Activity> Below are entries with pictures among them; reproduce exactly, and only, the lines from the one containing "EN455-3:2015 by Eastwest Medico" down to the one containing "Tables set for a Leelanau School wedding", without the pictures.

Dataset records>
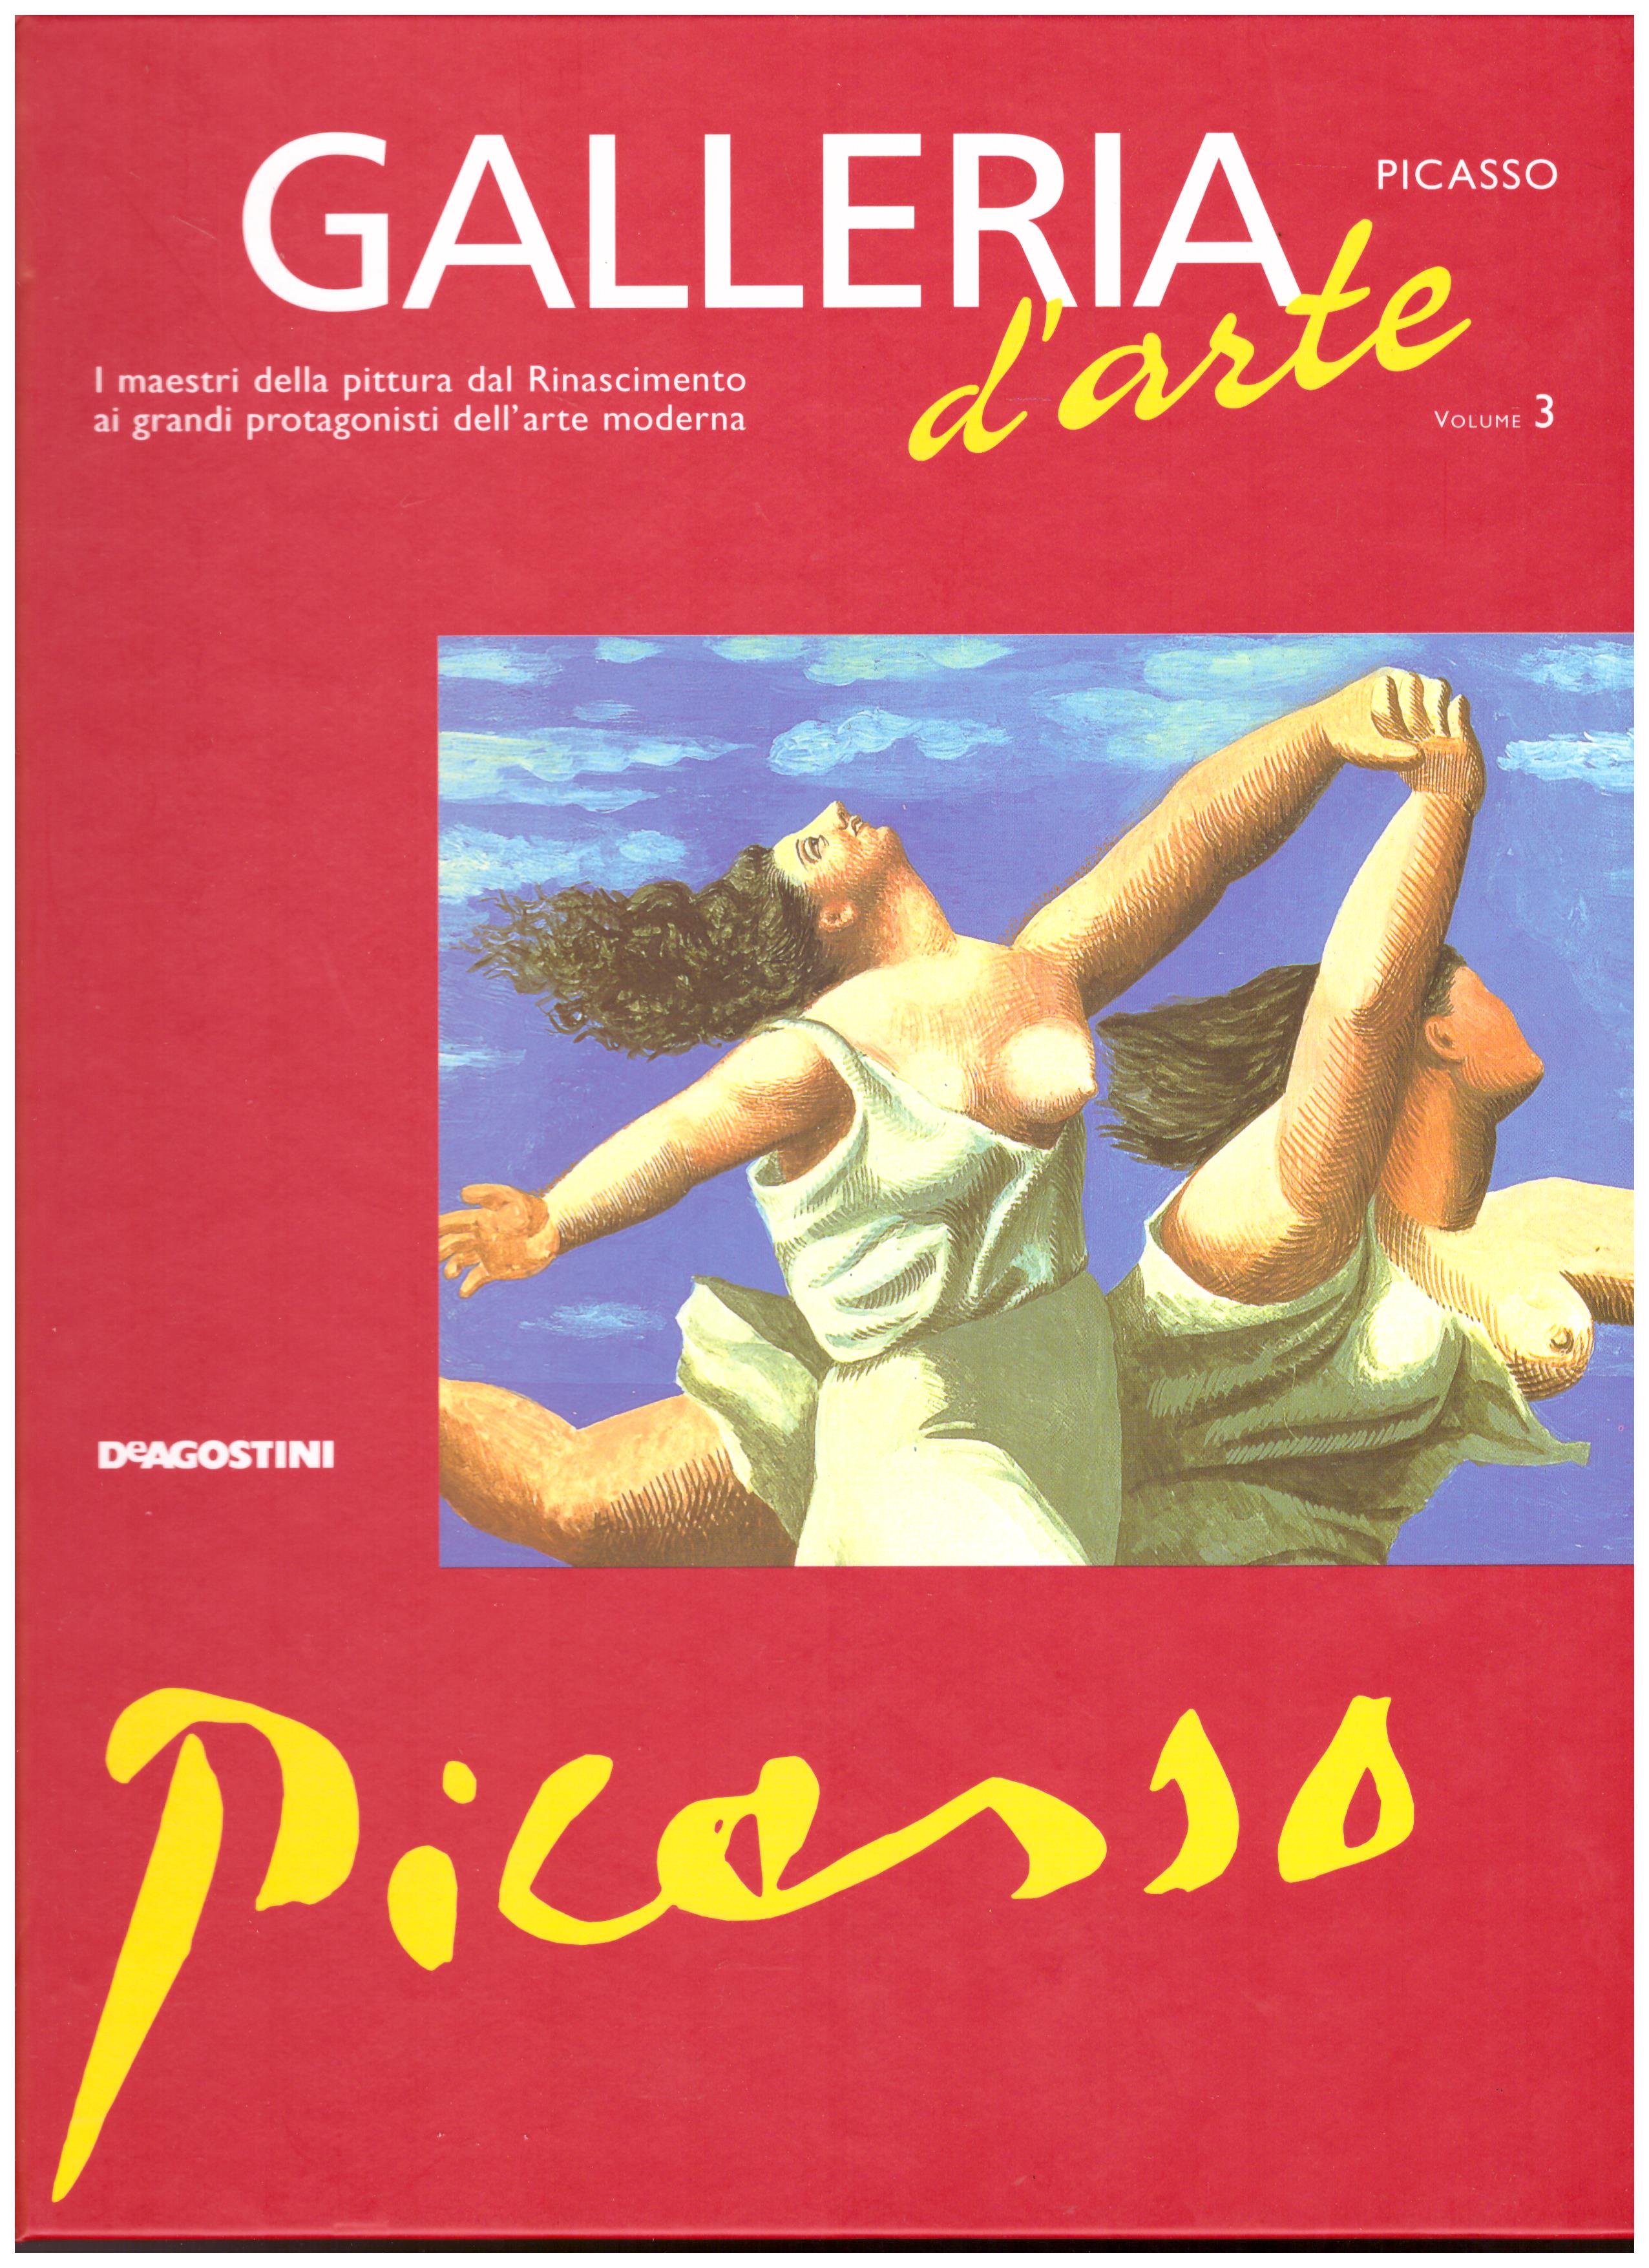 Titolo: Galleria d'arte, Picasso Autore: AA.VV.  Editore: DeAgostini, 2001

---

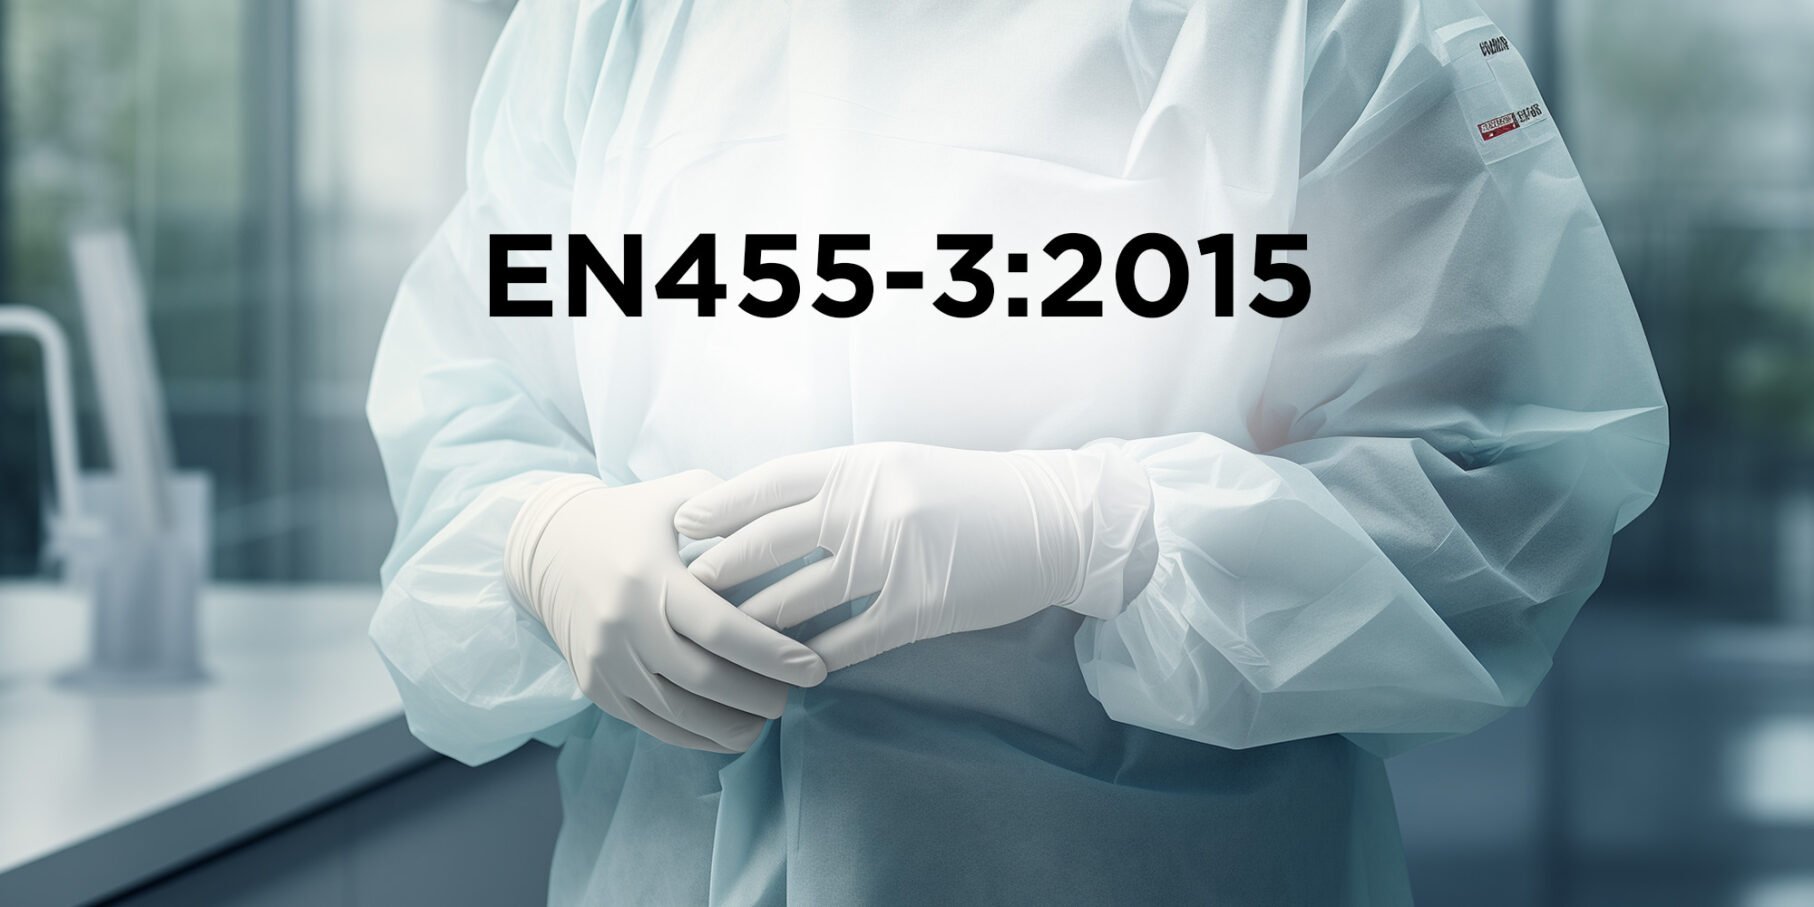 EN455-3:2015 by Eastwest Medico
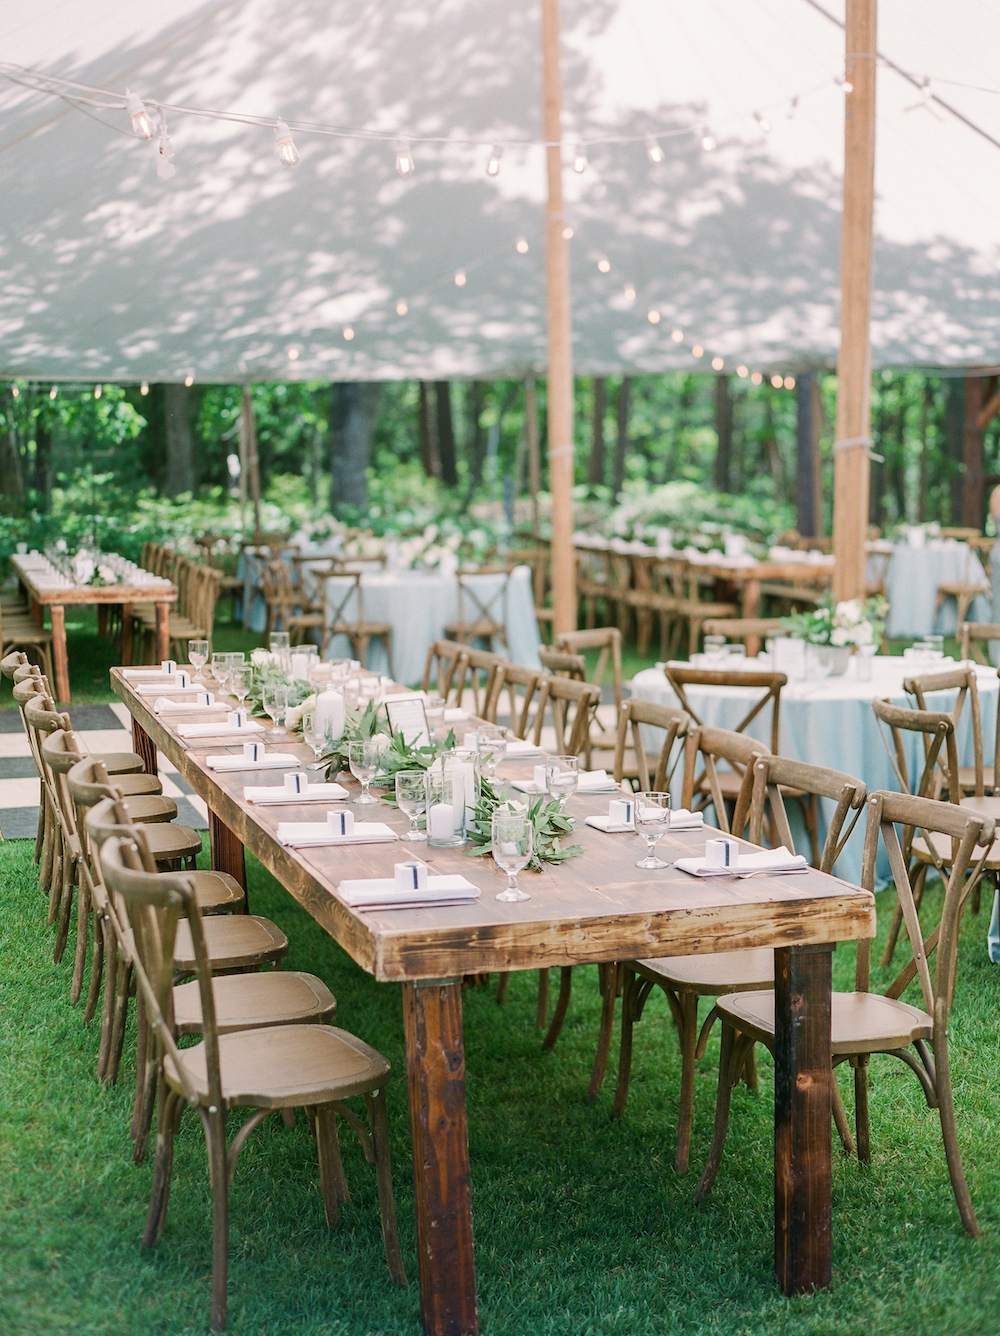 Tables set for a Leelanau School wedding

Result>
 EN455-3:2015 by Eastwest Medico
 Tables set for a Leelanau School wedding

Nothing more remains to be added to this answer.